Thermal mass is any material that can be used to retain heat, in particular solar. Among the materials that can perform the function of thermal mass are stone, cement and water. Throughout history, they have been used in arid or warm climates to keep the room cool, as they absorb solar energy throughout the day and release stored heat at night. However, they can also be used in cooler regions to keep warm. The size and location of the heat mass depends on several factors, such as climate, the ratio of the time of sunlight and stay in the shade. If the thermal mass is correctly placed, then it keeps the room temperature in a comfortable range and reduces the need for devices for additional heating and cooling ^[28] .
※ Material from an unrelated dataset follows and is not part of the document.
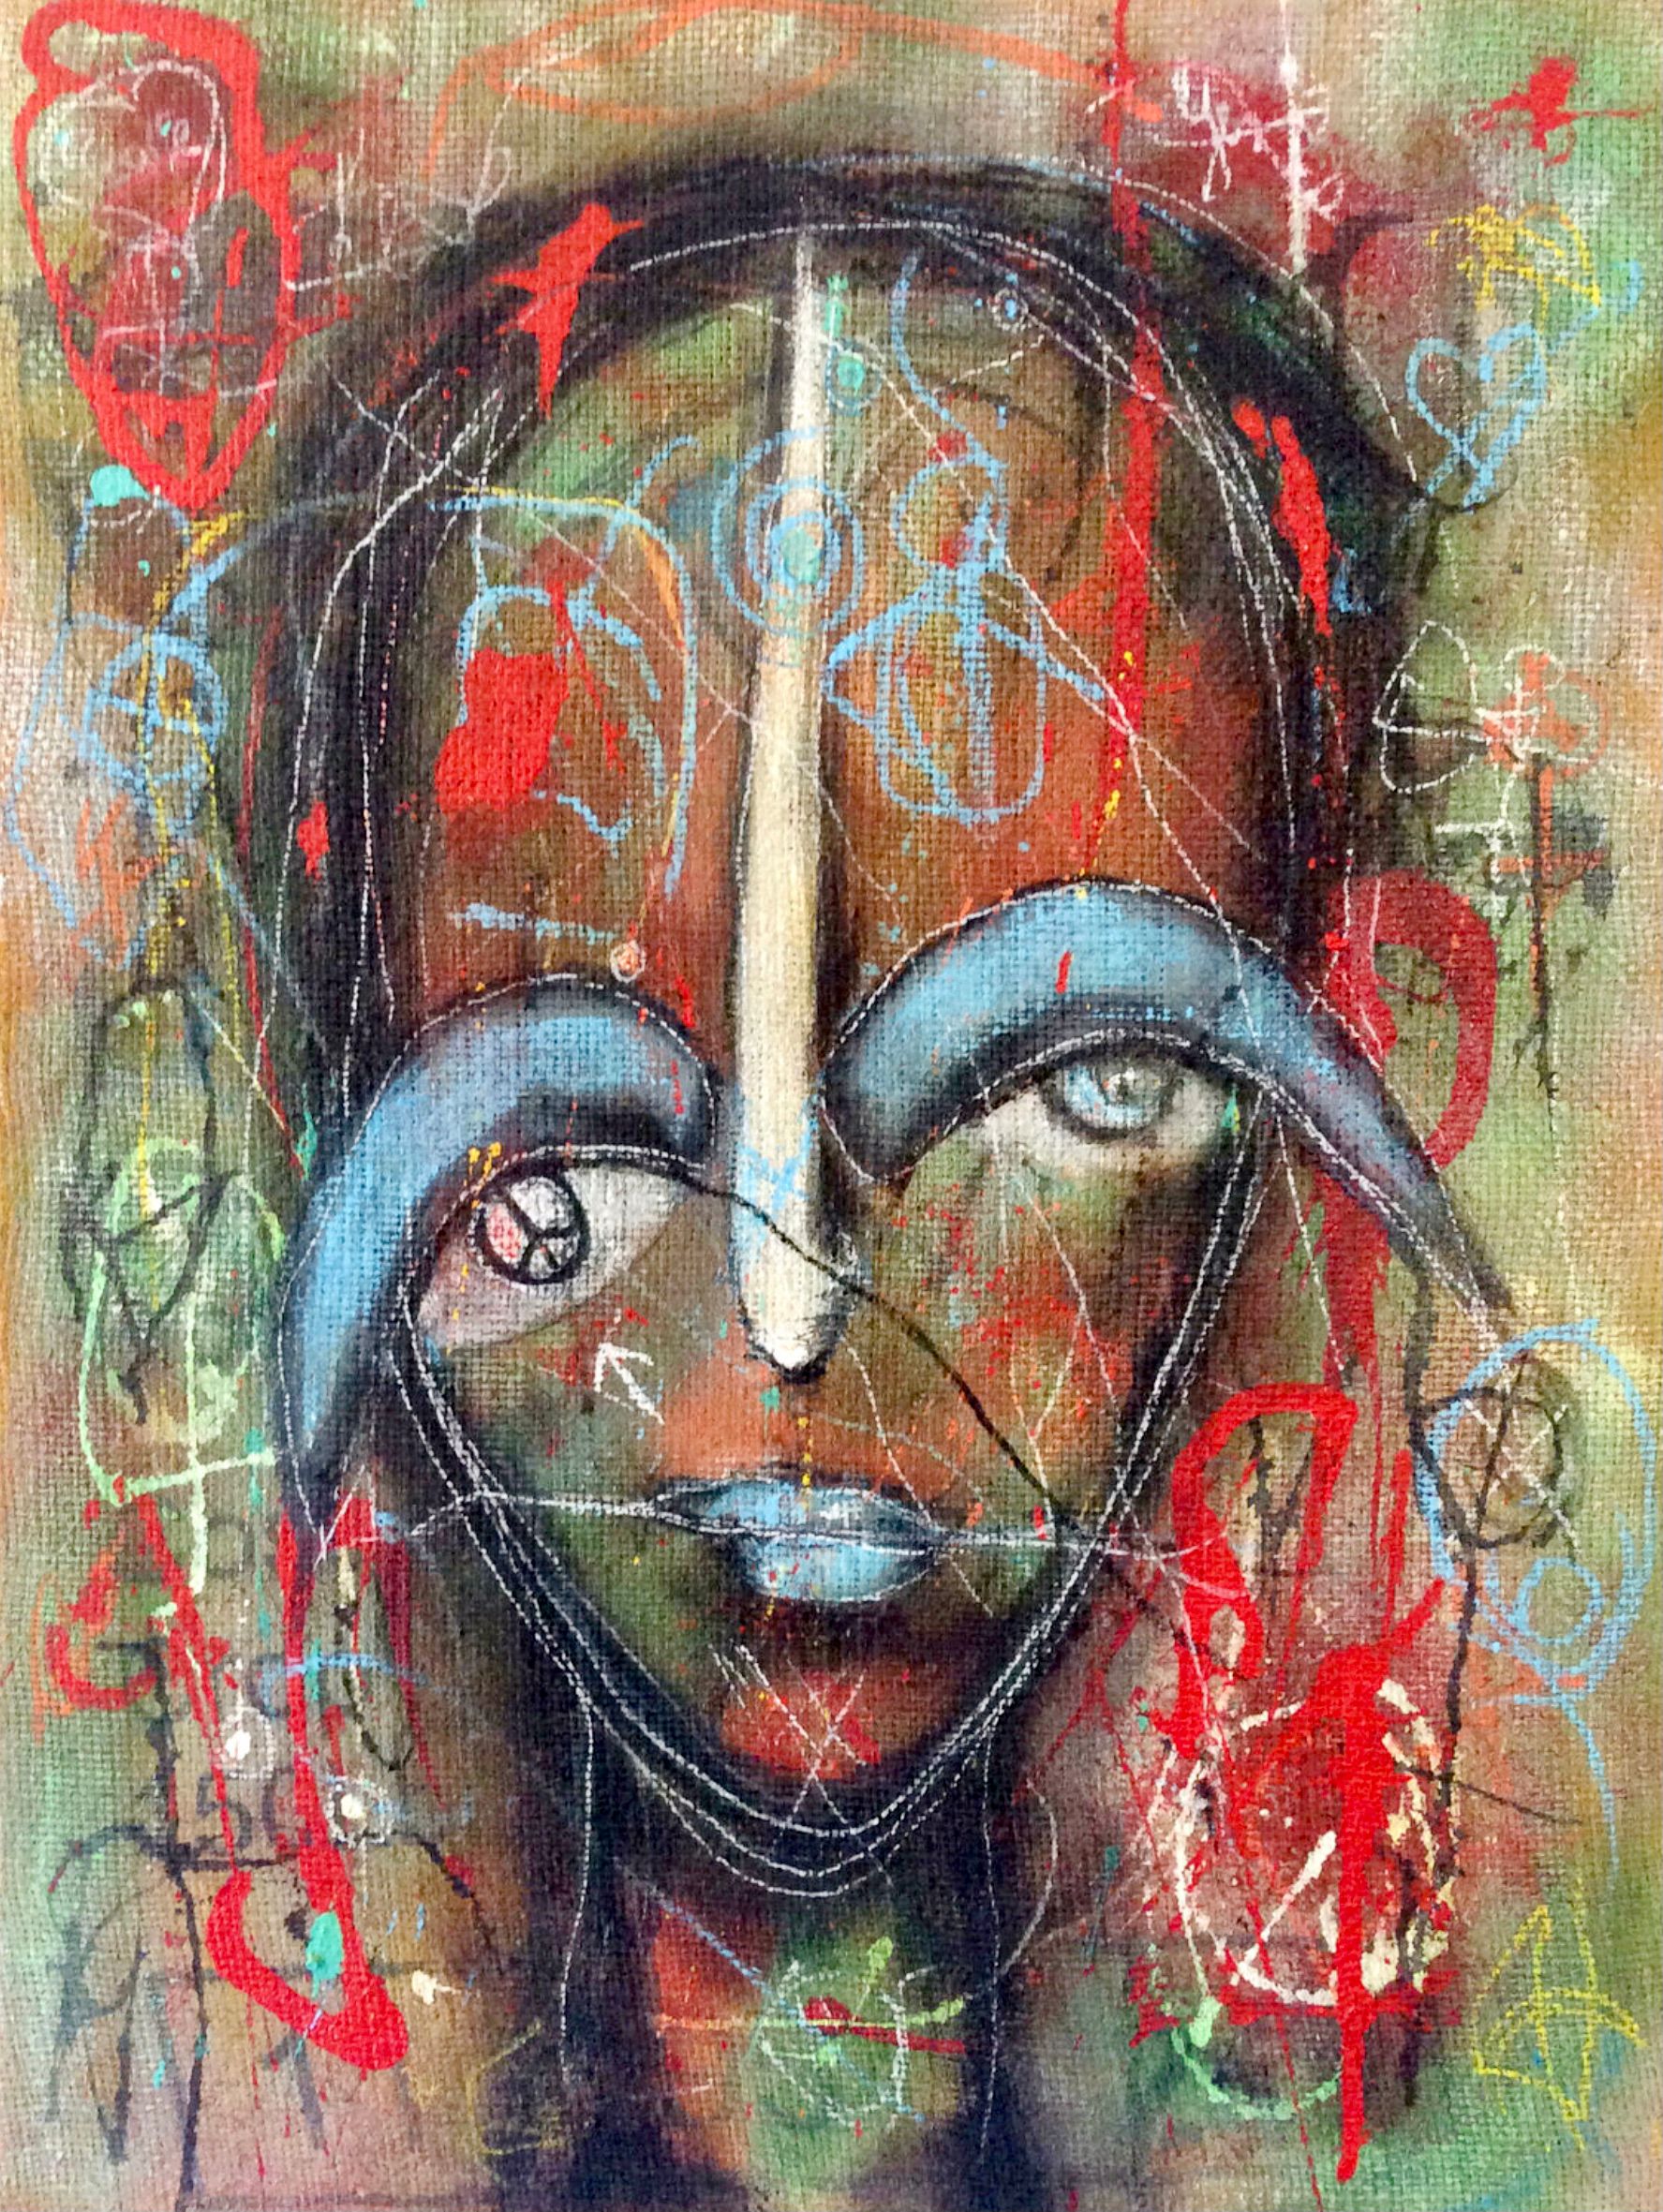 Le portrait expressif semi-abstrait "Looking for peace" d'Ilona Schmidt représente le visage d'une femme. Les couleurs rouge, orange, turquoise, vert et bleu dominent dans ce tableau.

A solar chimney (Or a thermal chimney, in this context) is a passive solar ventilation system consisting of a vertical shaft that connects the inside and outside of a building. If the chimney is heated, then the air inside also heats up, causing a vertical draft that draws air through the house. Its performance can be improved by using opaque materials and thermal mass ^[29] in a way that resembles a greenhouse.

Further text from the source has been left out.